The strawman construction of a PIR scheme simply involves the server sending the entire database back to the user. While this construction achieves our privacy goal of the server not learning which item the user wants to look up, it is obviously unsatisfactory. Thus, one goal of PIR is to minimize the data that has to be shared between the user and server (in technical speak, reduce communication). Another major goal is to reduce the amount of work the server has to do in providing an answer to the user; this is what most of the research work is focused on today (reduce computation). Homomorphic encryption enables computation directly over encrypted data and will ultimately help in reducing the amount of communication between the client and server.
PIR constructions fall into two camps: those that are “single server” and those that are “multi-server.” Multi-server PIR looks more like MPC in that to obtain privacy you must assume the servers do not collude with one another. In this article, we’ll be looking at single-server PIR which often relies on lattice-based cryptography (which forms the the foundation of FHE as well).
A brief math detour
We'll put the encryption part aside for now and look at how we can use matrix-vector multiplication to just perform an array lookup on a database.
Doing lookups in the clear
Suppose we have a database containing the values \([16, 15, 14, 13, 12, 11, 10, 9, 8, 7, 6, 5, 4, 3, 2, 1]\). We can pack these into the following matrix:
\[ D=\begin{bmatrix} 16 & 15 & 14 & 13 \\ 12 & 11 & 10 & 9 \\ 8 & 7 & 6 & 5 \\ 4 & 3 & 2 & 1 \\ \end{bmatrix} \]
To make a query against the server, the client must compute the row \(r\) and column \(c\) indices from \(i\) where
\[r = i / 4\]
\[c = i\ \mathrm{mod}\ 4\]
Suppose the client wants to retrieve the item at index \(i=6\). This gives \(r=1\) and \(c=2\).
The client constructs a vector with zeros everywhere except in the \(c=2\) row where they place a 1:
\[ q=\begin{bmatrix} 0 \\ 0 \\ 1 \\ 0 \\ \end{bmatrix}\]
Now, the server can compute:
\[ y=Dq= \begin{bmatrix} 16 & 15 & 14 & 13 \\ 12 & 11 & 10 & 9 \\ 8 & 7 & 6 & 5 \\ 4 & 3 & 2 & 1 \\ \end{bmatrix}\begin{bmatrix} 0 \\ 0 \\ 1 \\ 0 \\ \end{bmatrix} =\begin{bmatrix} 14 \\ 10 \\ 6 \\ 2 \\ \end{bmatrix} \]
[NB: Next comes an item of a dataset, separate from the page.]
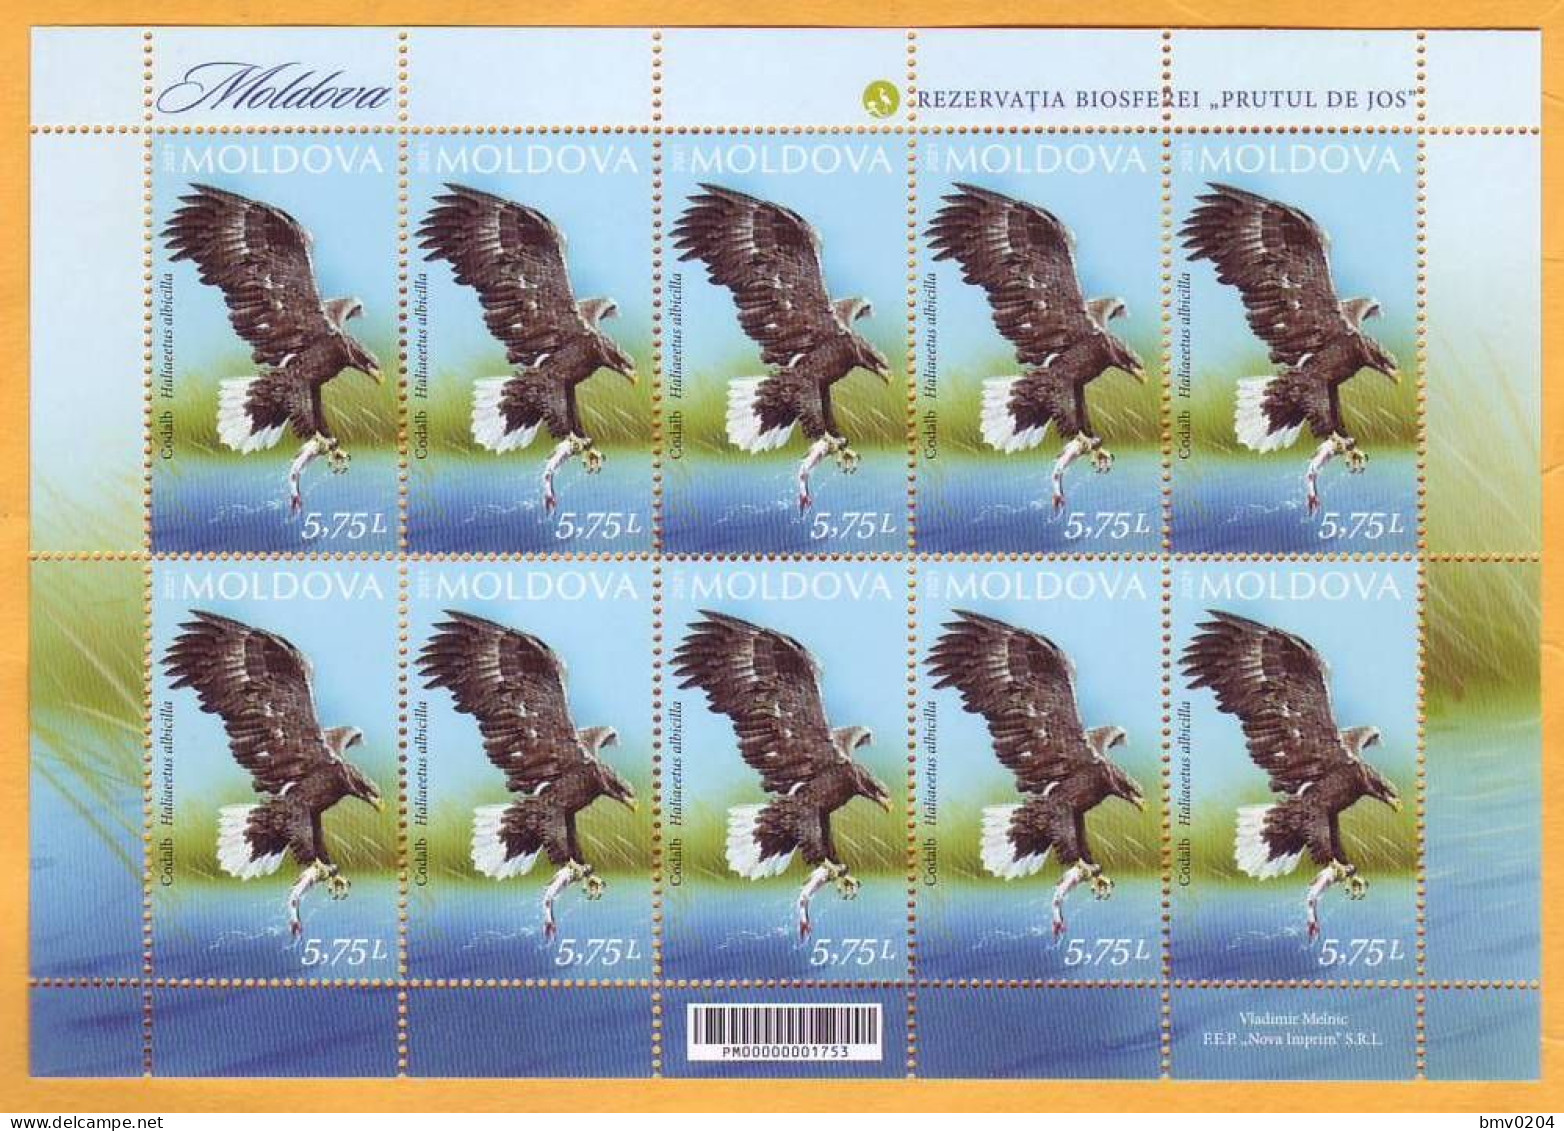 2021 Moldova Moldavie Moldau Romania  Sheet  Lower Prut ”Biosphere Reserve” Birds, Fauna Mint 5.75 - Moldavie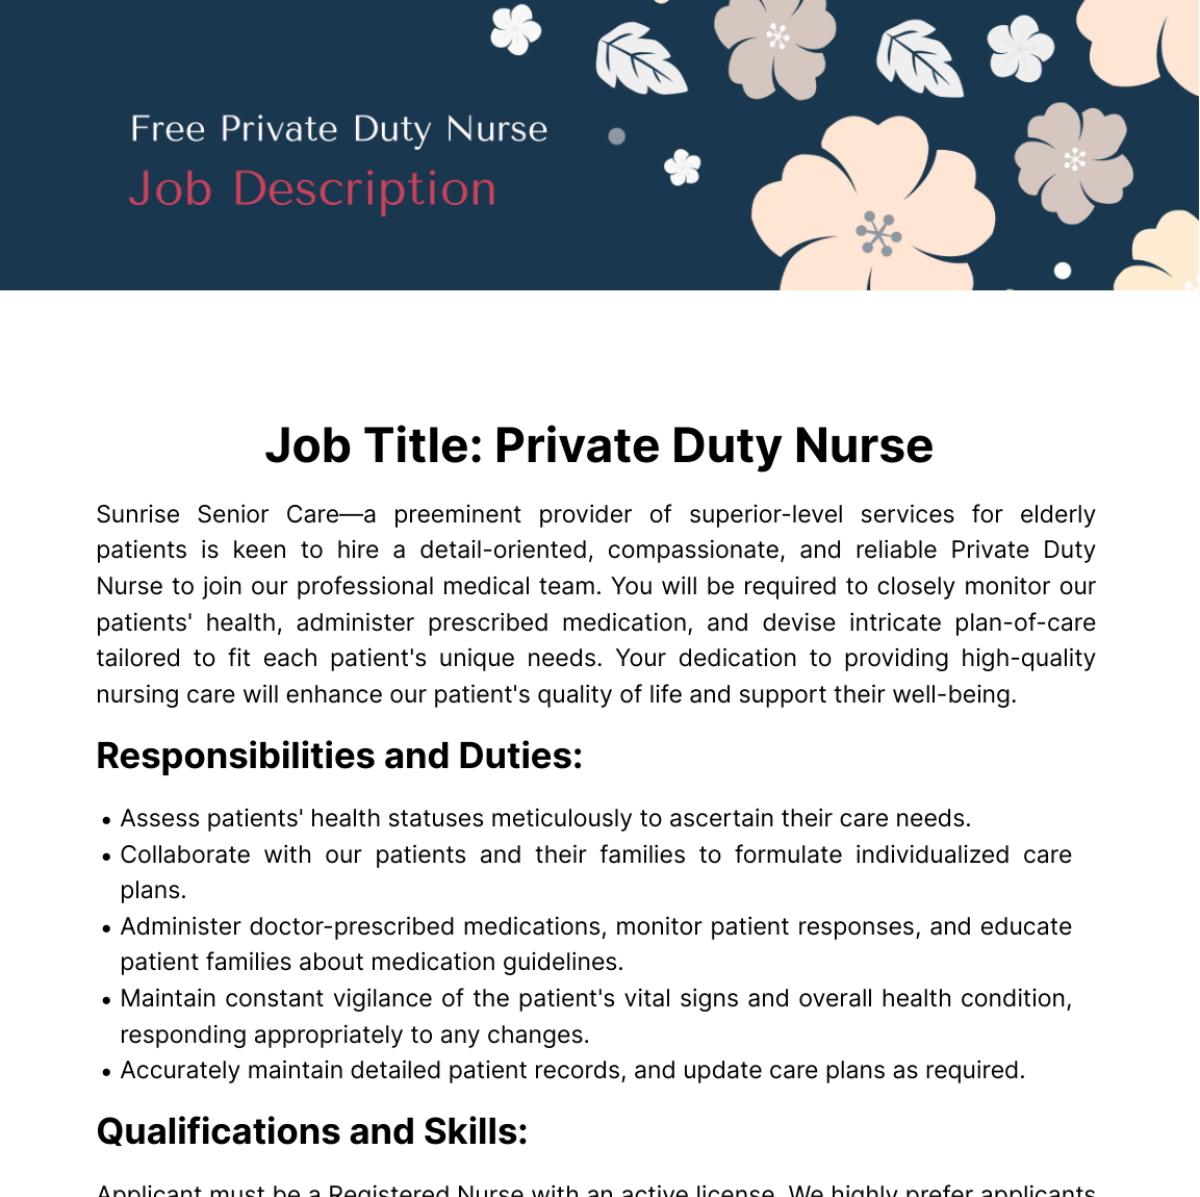 Free Private Duty Nurse Job Description Template

and send \(y\) back to the user. The user can then locally extract the element \( r=1\) , which is 10, the value at index 6.
Obviously this construction provides little privacy for the user since the server can see the user's request and deduce the user is interested in the value at index 6.
Encrypting the client's request
So how will we augment the prior construction to hide the user's request from the server?
At the heart of many PIR schemes lies some form of homomorphic encryption, meaning an encryption scheme supporting computation directly over encrypted data (ciphertexts). Suppose we have an encryption scheme that supports the following operations over messages \(m_a\) and \(m_b\):
- Multiplication by a plaintext scalar \(b\): \(\mathrm{Enc}(m_a * b) = b * \mathrm{Enc}(m_a)\)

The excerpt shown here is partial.